As the Vice President for Research and Development at Emerald Software Group, a large part of my job comprises managing software projects from conception to completion. As a programmer in a management position, I've discovered a few things. First, I am very good at estimating how many human hours of programming time it will take to write an application. Second, I am not very good at estimating how many man hours it will take to complete the entire project life cycle. So, with a background in psychology, experience with statistics for social sciences, and a knack for inquisitive observation, I set out to generate a formula for providing accurate and timely estimates by isolating the variable that I am best at estimating . . . development hours.
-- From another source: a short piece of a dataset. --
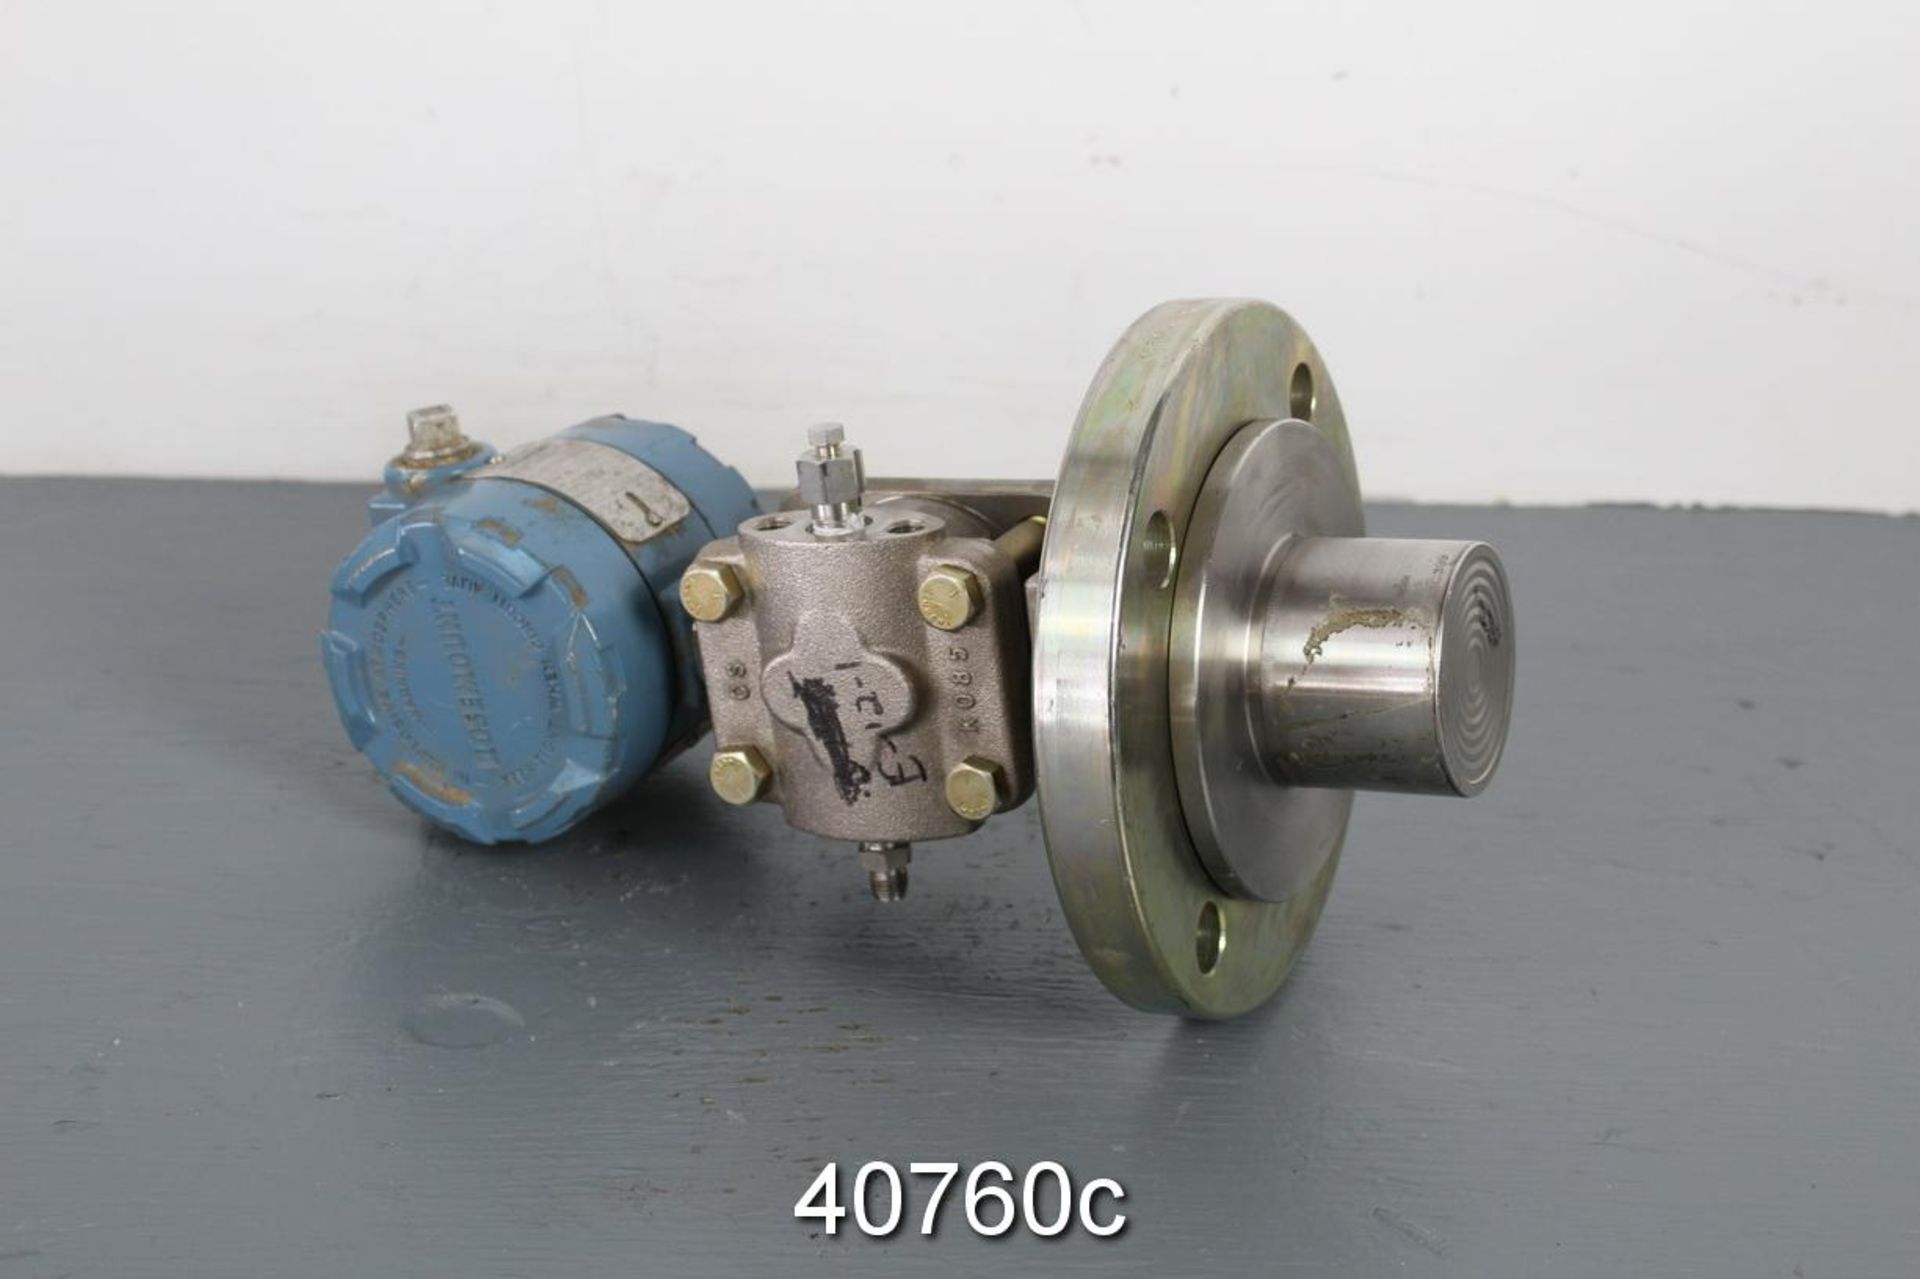 Rosemount 1151LT4SA2A52D Liquid Level Transmitter,, 3051 Series, Cal. 0-30 In H20, Max W.p. 285 - Image 3 of 4

I started by observing my work with one of our larger clients because, after all, they were impetus for my little side-project anyhow. I took notes on all things client related. How much time did we spend talking to the client? How many people were in conference calls? How much time did it usually take to deploy in the client's environment? How much time did it take to test an application before deployment? I gathered as much data as I could and once I felt like I had a reasonable sample, I looked at the trends in the data. I noticed that four separate components stood out: coding time, testing time, deployment time, conference calls. I've renamed these factors, which I call the 4 Ds, and they are the basis for my formula: develop, debug, deploy, and discuss.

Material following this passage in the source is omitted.